While they worked eight-hour hotel jobs, they infused the Many Glacier experience with the ethereal levity of show tunes and hootenannies and made Many Glacier Hotel a one-of-a-kind summer experience. The wait staff would sing to their guests as they ate. The bellhops, clad in lederhosen, would run out to greet arriving tourists and sing as they took their bags.

“No one got off the bus without being serenaded,” Tippett said. “The guests were thrilled to bits with what they saw.”

Behind the scenes, too, Tippett trained his employees with the old-school discipline he had learned from Westminster and from Conrad Hilton himself. On his desk, Tippett has the picture of a young man he recruited off the streets of Los Angeles, which he did after Hummel told him he wanted every portion of the country to be represented at Glacier.

The young man knew nothing about the national parks, and didn’t even know where Montana was, Tippett said.

“What do you like to do?” Tippett asked him.

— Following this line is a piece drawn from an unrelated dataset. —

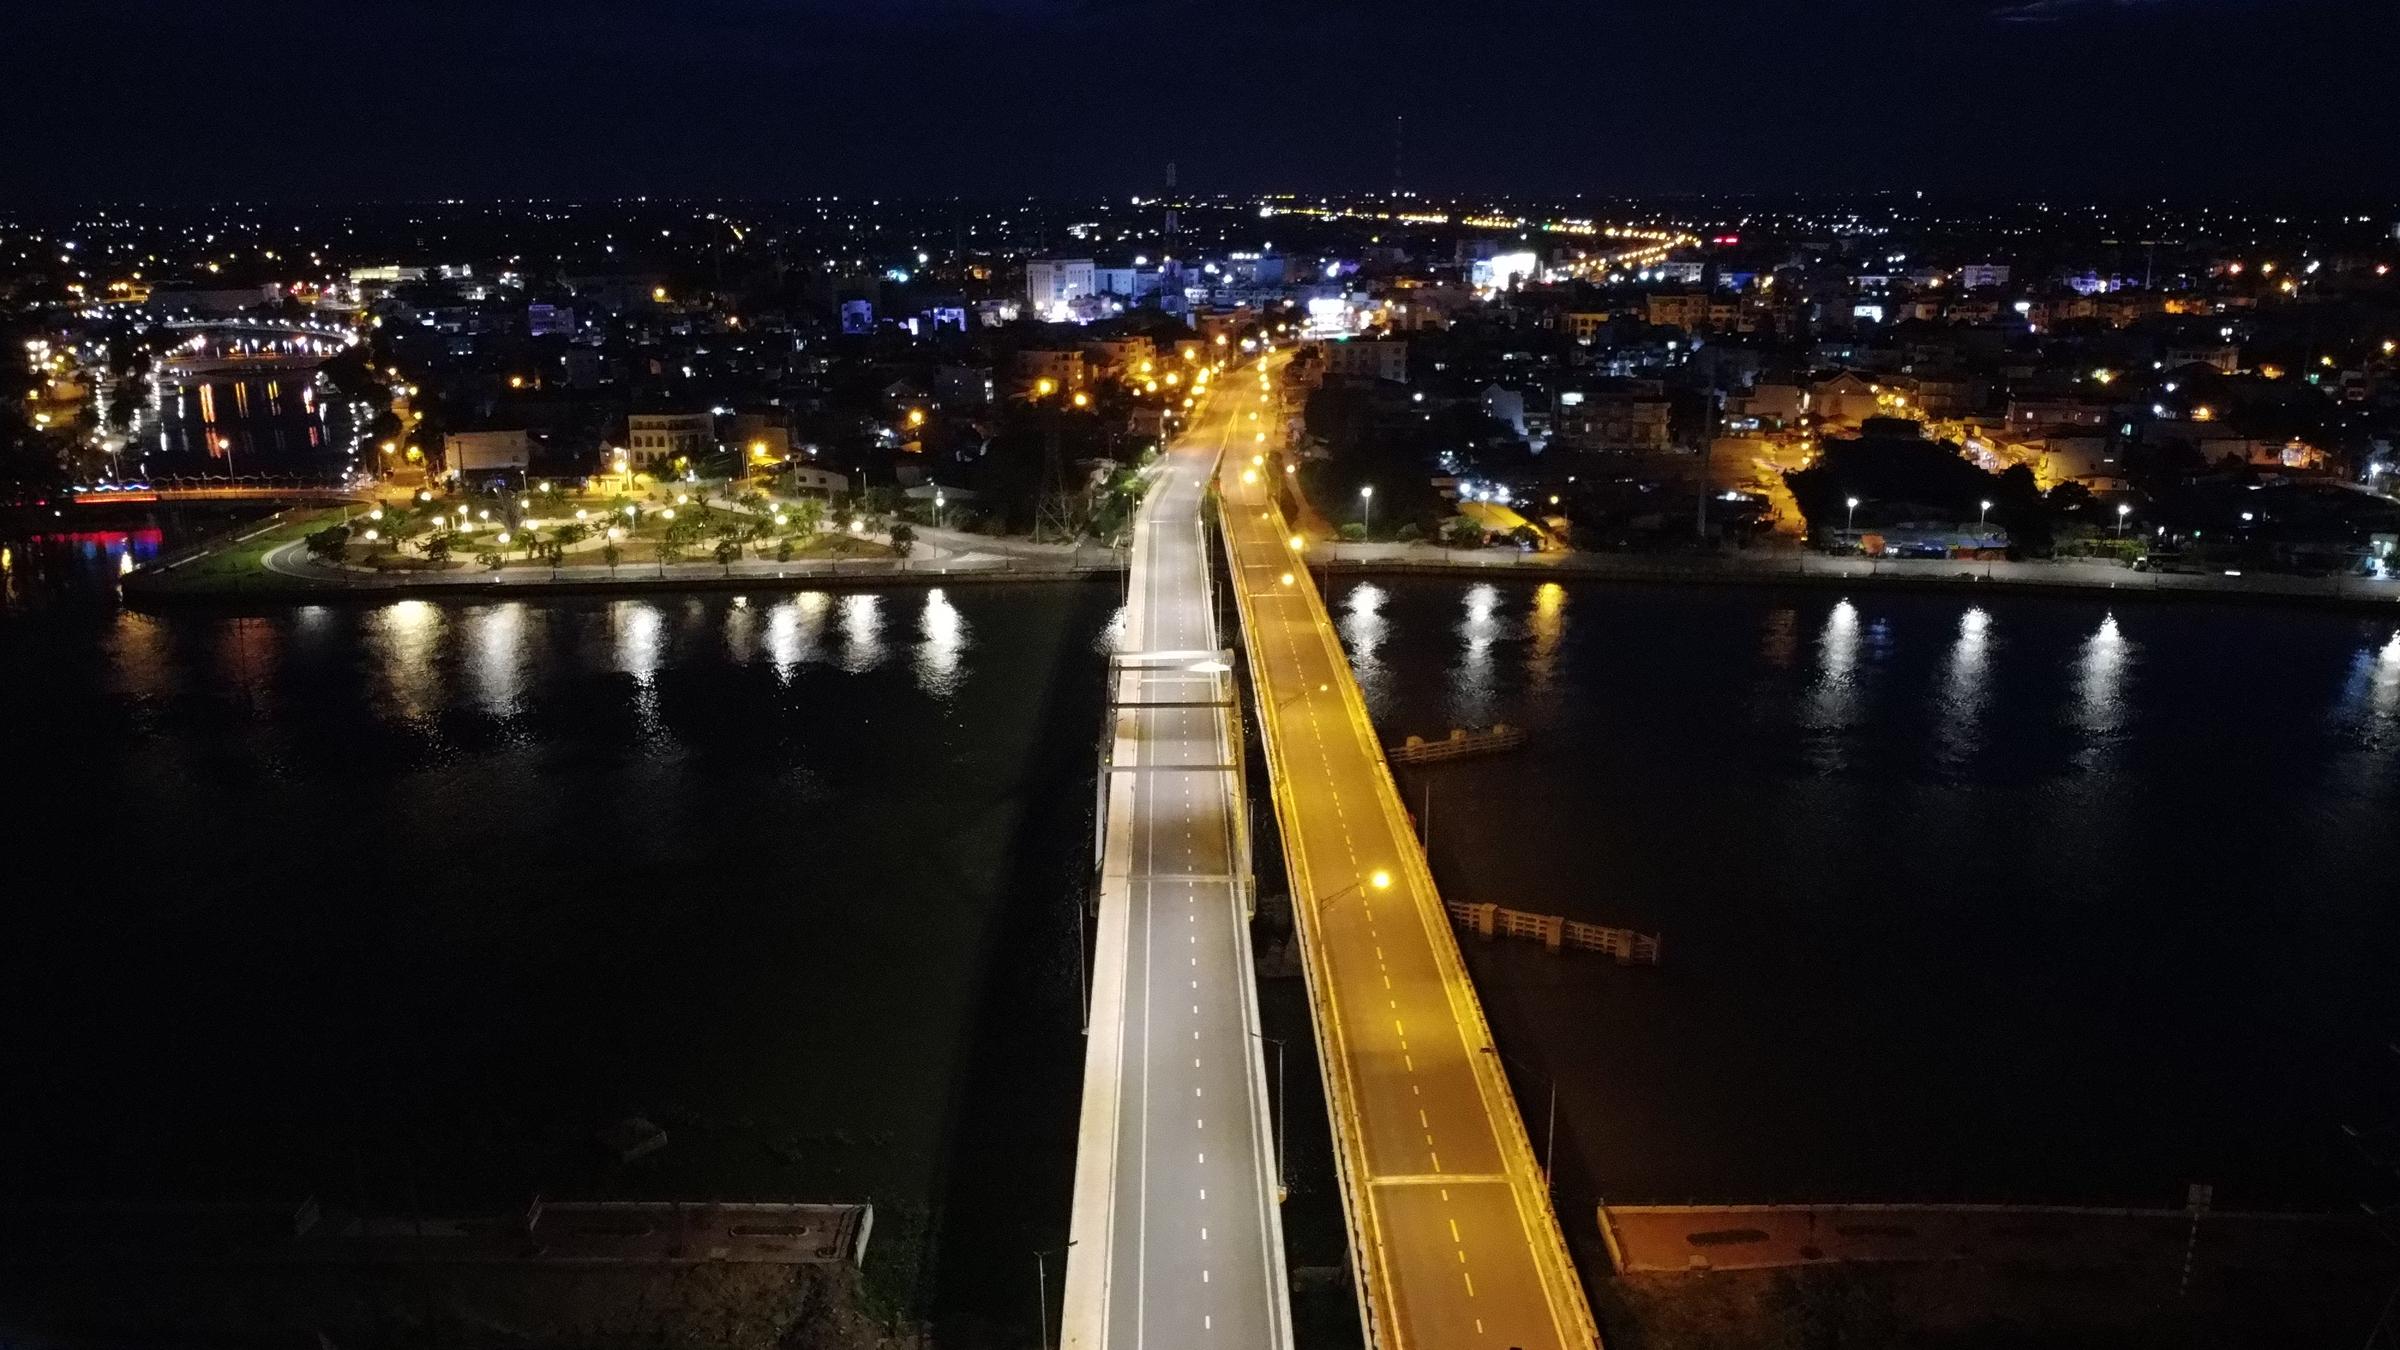 Cầu Tân An 1 và 2 trên quốc lộ 1, bắc qua sông Vàm Cỏ Tây dẫn vào trung tâm TP Tân An (Long An) vắng xe sau khi tỉnh yêu cầu người dân không ra đường, hôm 28/7. Ảnh: Hoàng Nam

“I like money,” he replied.

That summer, Tippett had him work the front desk as a cashier, and soon entrusted him to run the hotel’s employee bank. They still keep in touch, and the young man he found on the streets now works in the finance department of a university in California.

What started as a way to keep guests satisfied turned into a now bygone golden age of service and entertainment at Many Glacier Hotel. Officially, Tippett is retired now, but he comes back to Glacier every summer, where he lives in a tiny cottage near the entrance of Glacier Park Lodge. The immaculate display of flower beds surrounding the house are all his work.

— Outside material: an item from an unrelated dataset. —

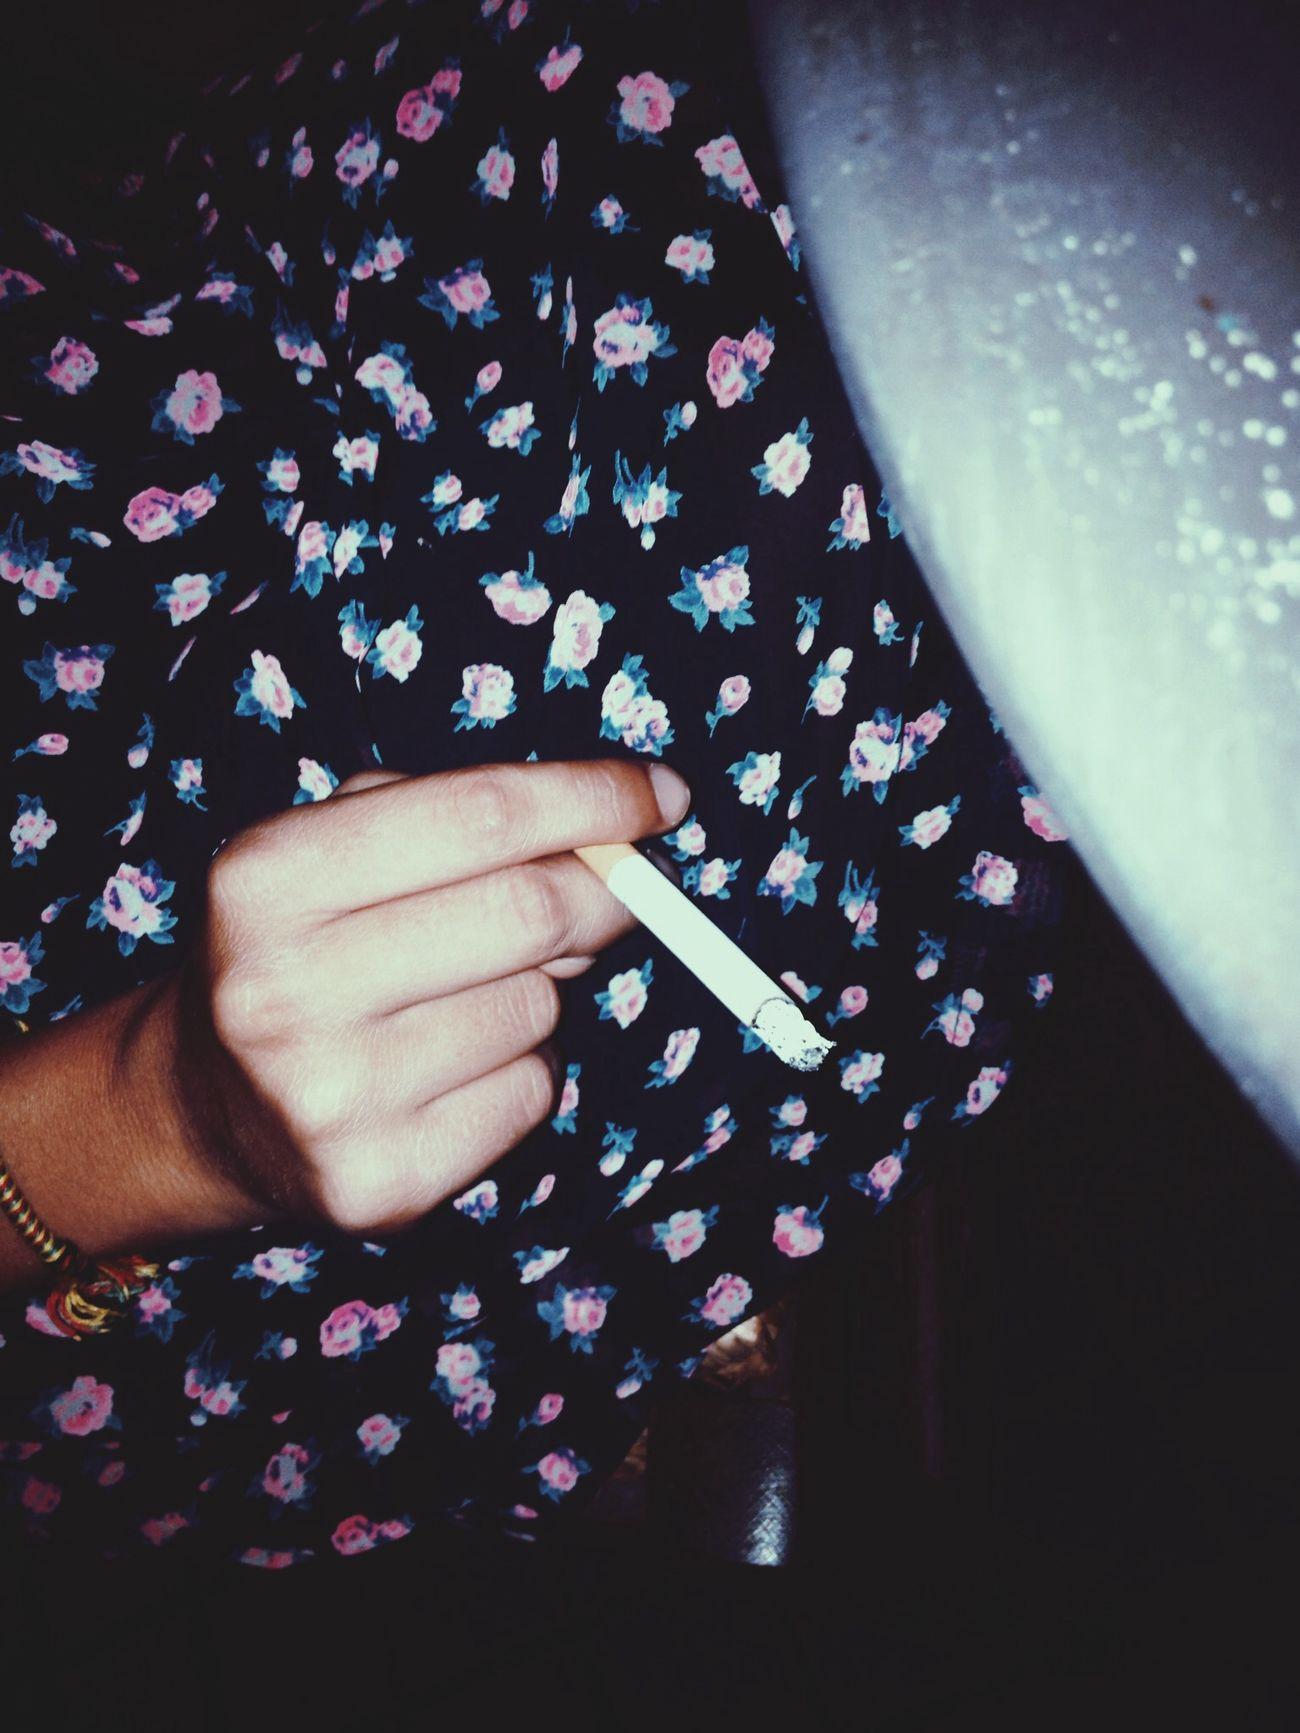 Ciggar Smoking Floral Skirt Grunge

Tippett took over operation of the mailroom because “it was such a bloody mess.” His management of mail may not be as glamorous as his tenure with the Many Glacier Hotel, but he still applies his indefatigable work ethic into just about every job he’s had since then. He can still be found cleaning a bathroom, washing a floor or scrubbing a dish every now and then.

After what was originally thought to be a one-season stint at Glacier turned into 60 years, Tippett’s plans of working his way up in the Hilton company didn’t develop as he had planned. But Conrad Hilton’s advice to young Tippett must have stuck anyway, because Ian Tippett’s performance record doesn’t just follow him, it’s etched into Glacier’s history.

He’s ready to put in another 20 years.